É o princípio conhecido como “poluidor pagador”, ou seja: aquele que poluir o meio ambiente terá que arcar com os custos para recuperá-lo. Por exemplo: uma empresa não pode tirar água de um rio, utilizá-la para produzir determinado produto, mas devolver a água ao rio na forma de esgoto. Terá que retornar a água ao rio com a mesma pureza que retirou, e pagará pelo uso que fez dela. Por princípio, a água do rio pertence a todos e sua exploração (e eventual poluição) não pode ser privatizada. A mesma coisa se aplica àqueles que destroem uma mata de restinga para criar um loteamento, ou que desviam um rio para irrigar somente a sua própria terra; os que poluem o ar ou espalham resíduos pelas ruas da cidade. Todos precisam “desfazer” o estrago que fizeram. O comportamento destas pessoas é imoral, criminoso. Se apoderam de um bem que pertence a todos, auferindo benefícios só para si – ou para seus acionistas, seus diretores, seu sócio, seja quem for. Se uma autoridade pública, que tem a obrigação de zelar pelo bem público (afinal, foi votada para isso), for conivente com a atitude do poluidor, também está deixando de cumprir a lei. Ou seja, está permitindo que alguns tirem proveito da maioria.

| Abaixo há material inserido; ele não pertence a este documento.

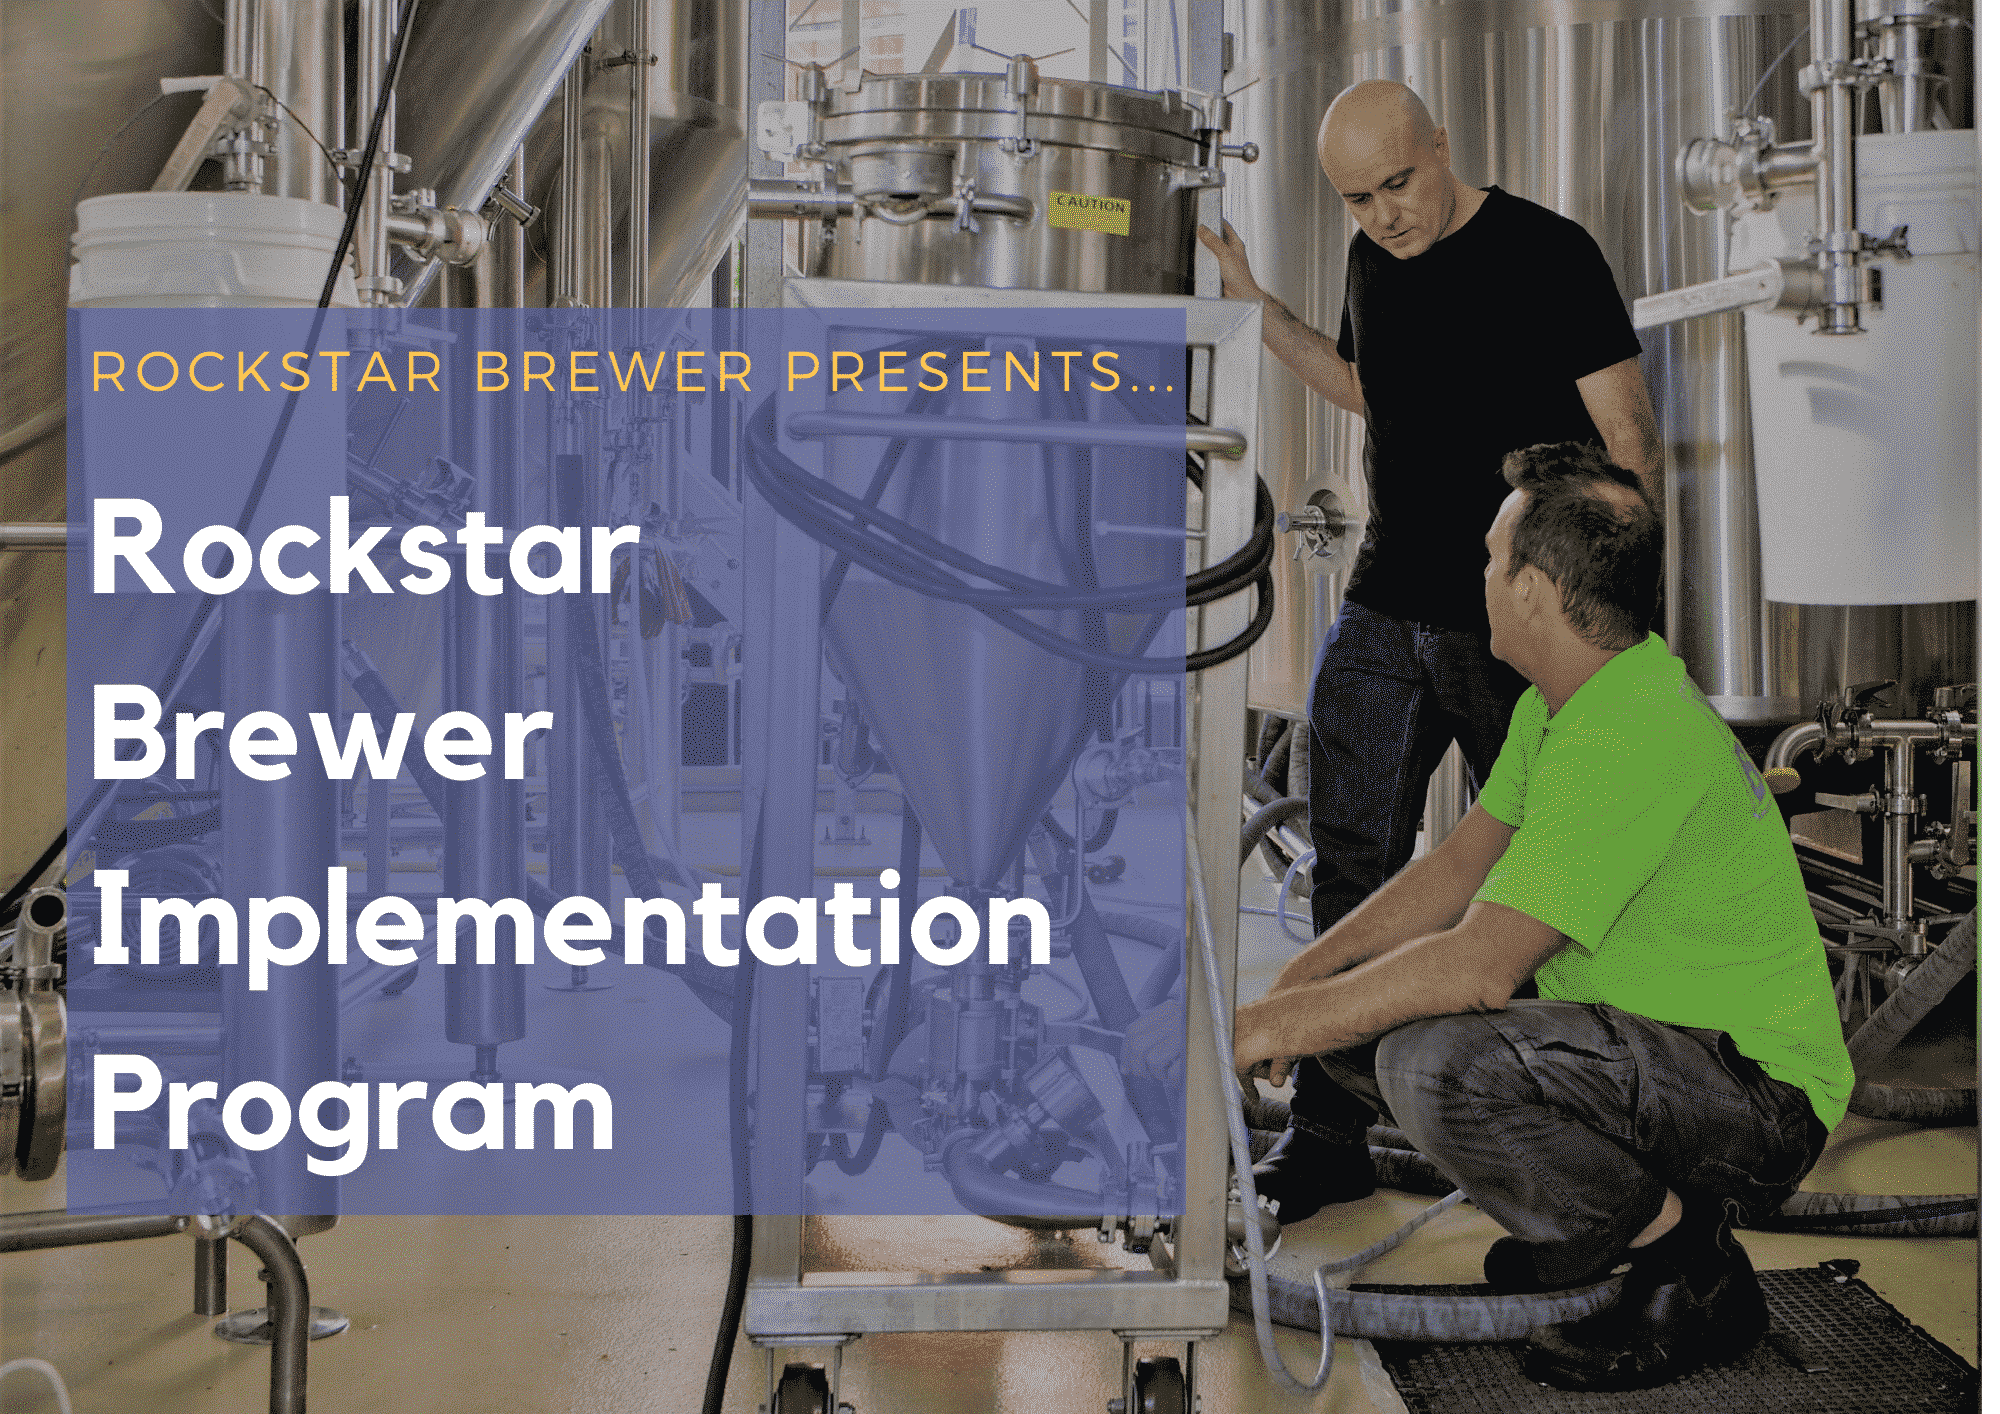 Rockstar Brewer Implementation Program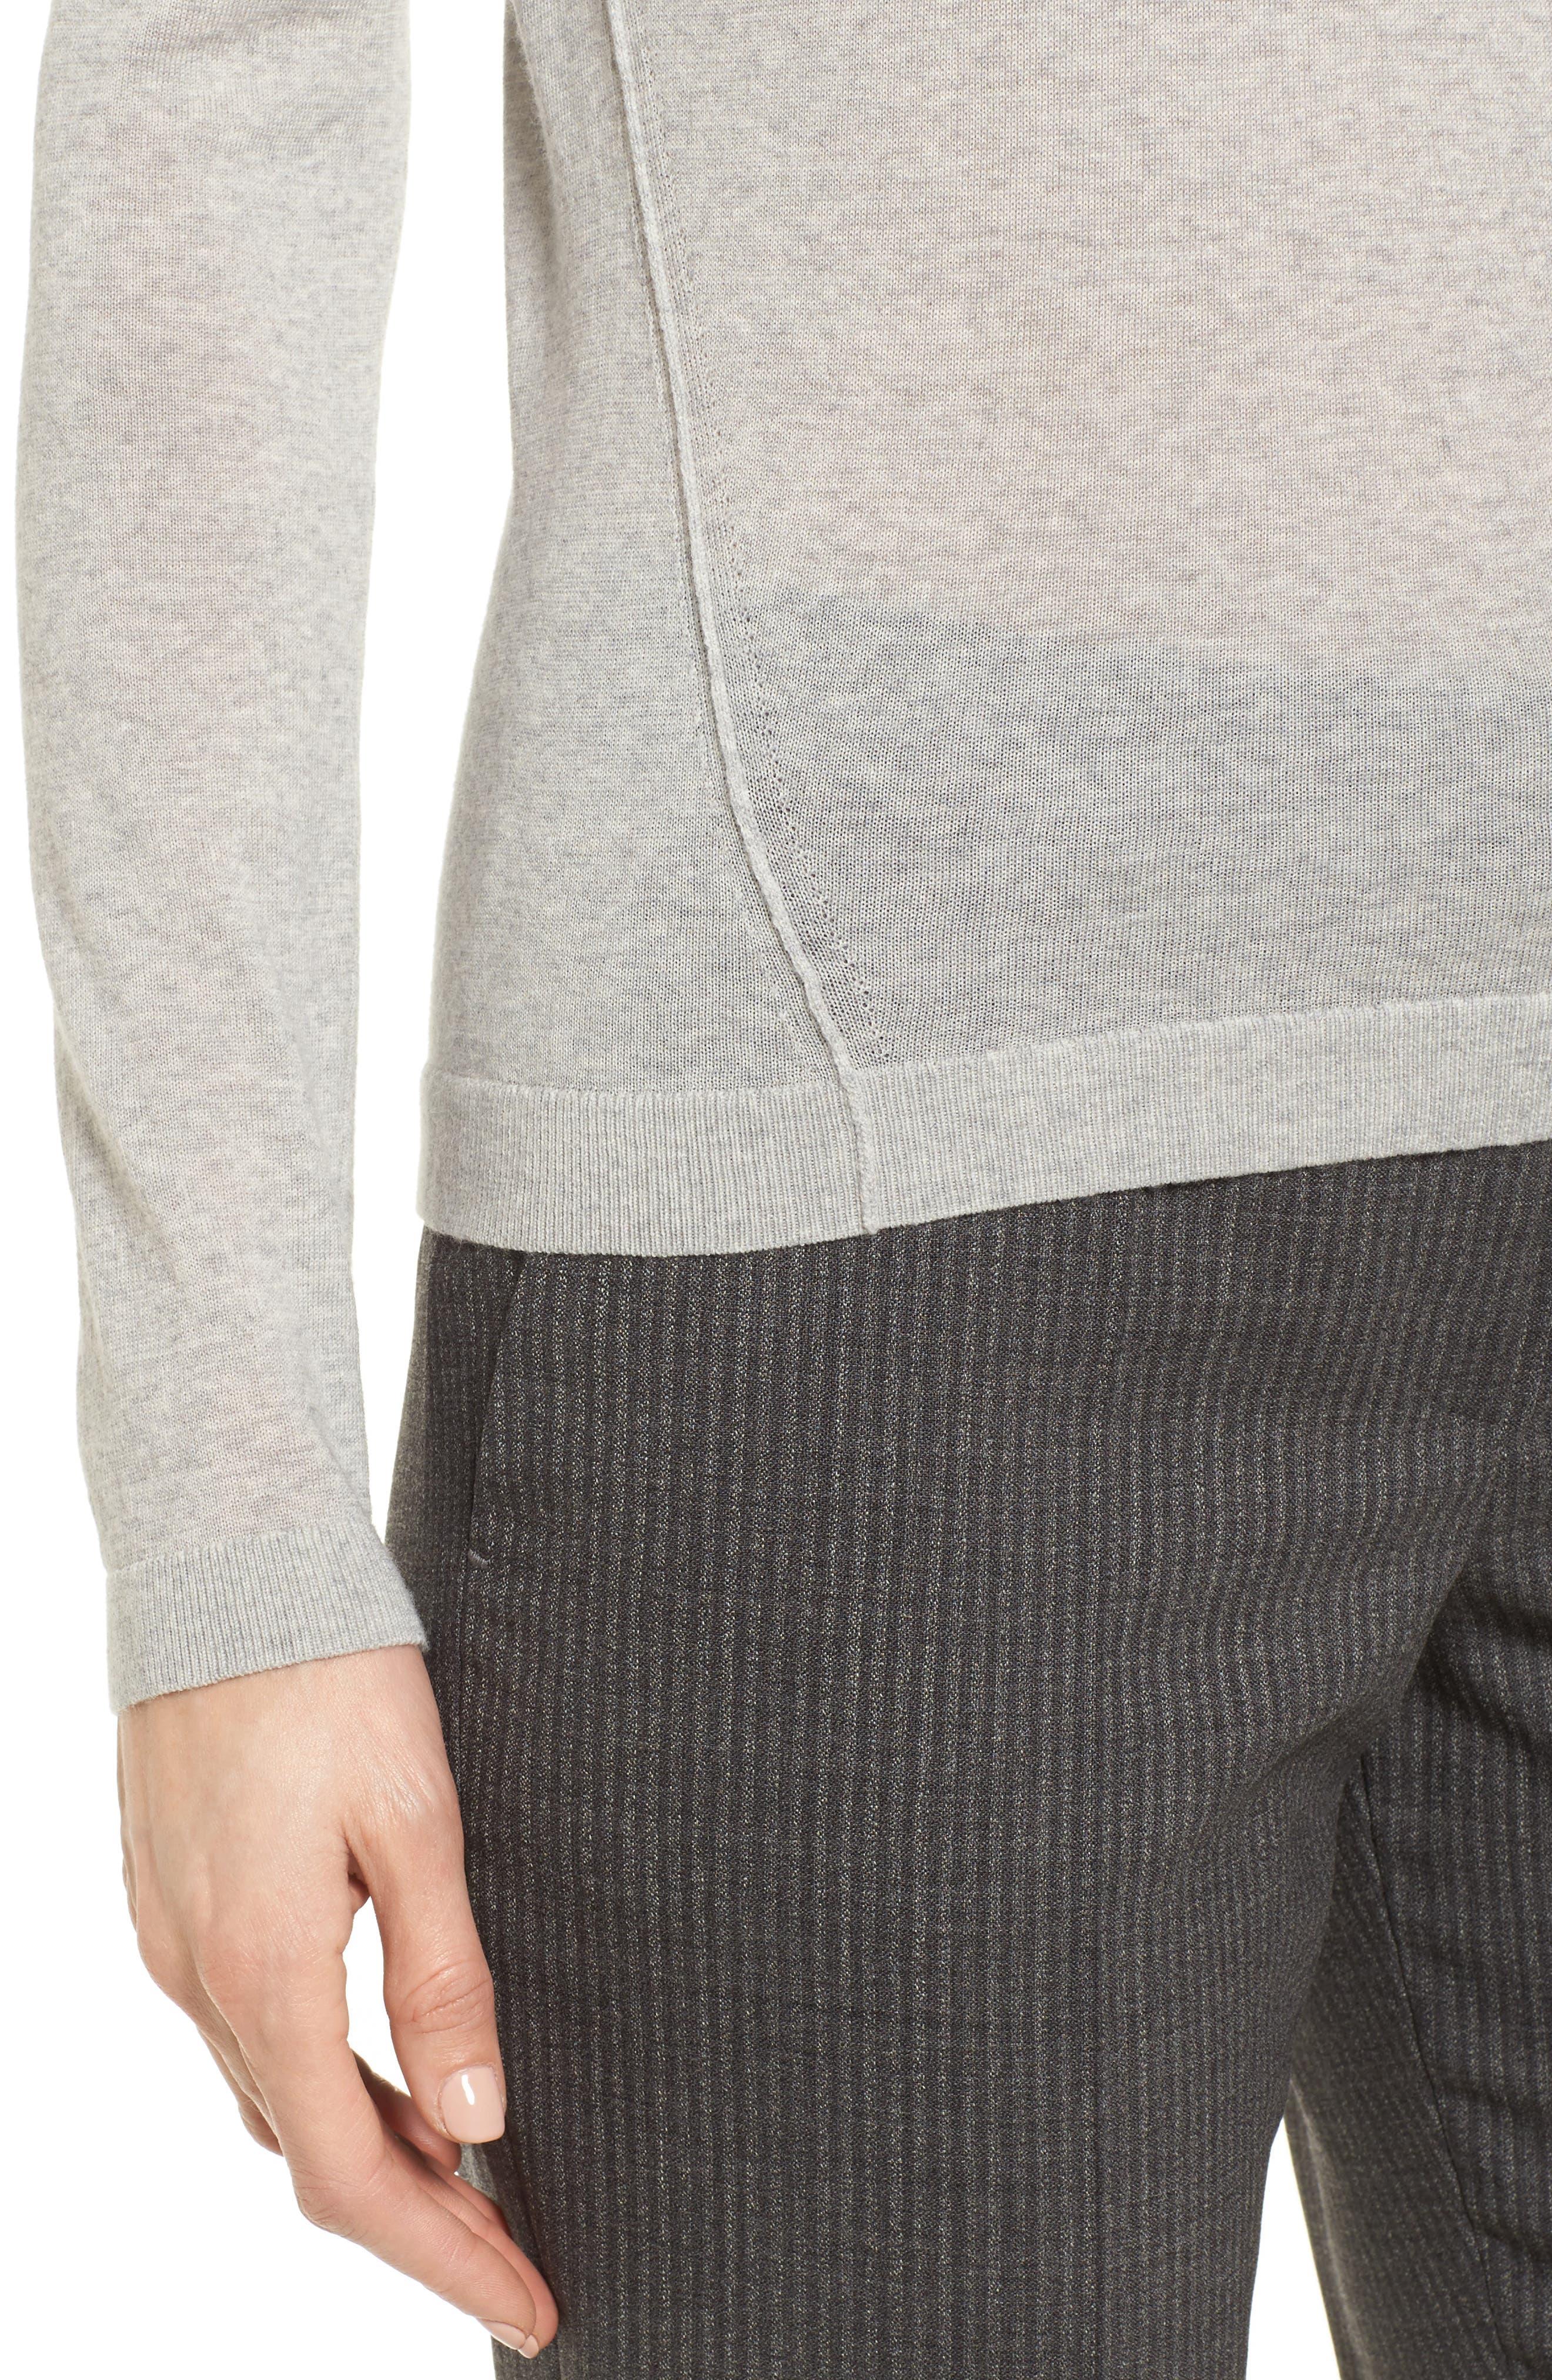 Fayme Wool Crewneck Sweater,                             Alternate thumbnail 4, color,                             Cozy Grey Melange

Socializar os custos e privatizar os benefícios; é desta maneira que muitos ainda encaram a questão ambiental. 

No Brasil os órgãos ambientais municipais, estaduais e federais precisarão retomar suas práticas de controle, que nos últimos anos diminuíram consideravelmente. Corte de recursos, remanejamento e dispensa de pessoal e, principalmente, uma ideologia de oposição às causas ambientais, atrasaram o avanço deste tema no país inteiro. 

As tecnologias para combate e diminuição da poluição estão amplamente disponíveis no mercado. O poluidor não pode alegar que, em exercendo sua atividade, não tenha recursos para reduzir ou acabar com a poluição que gera. Esta é uma atitude ilegal e imoral. Para combater tal tipo de atitude o cidadão pode exercer seu direito político de protestar e exigir providências das autoridades responsáveis. A questão ambiental não é só técnica ou econômica, mas primeiramente ética e política.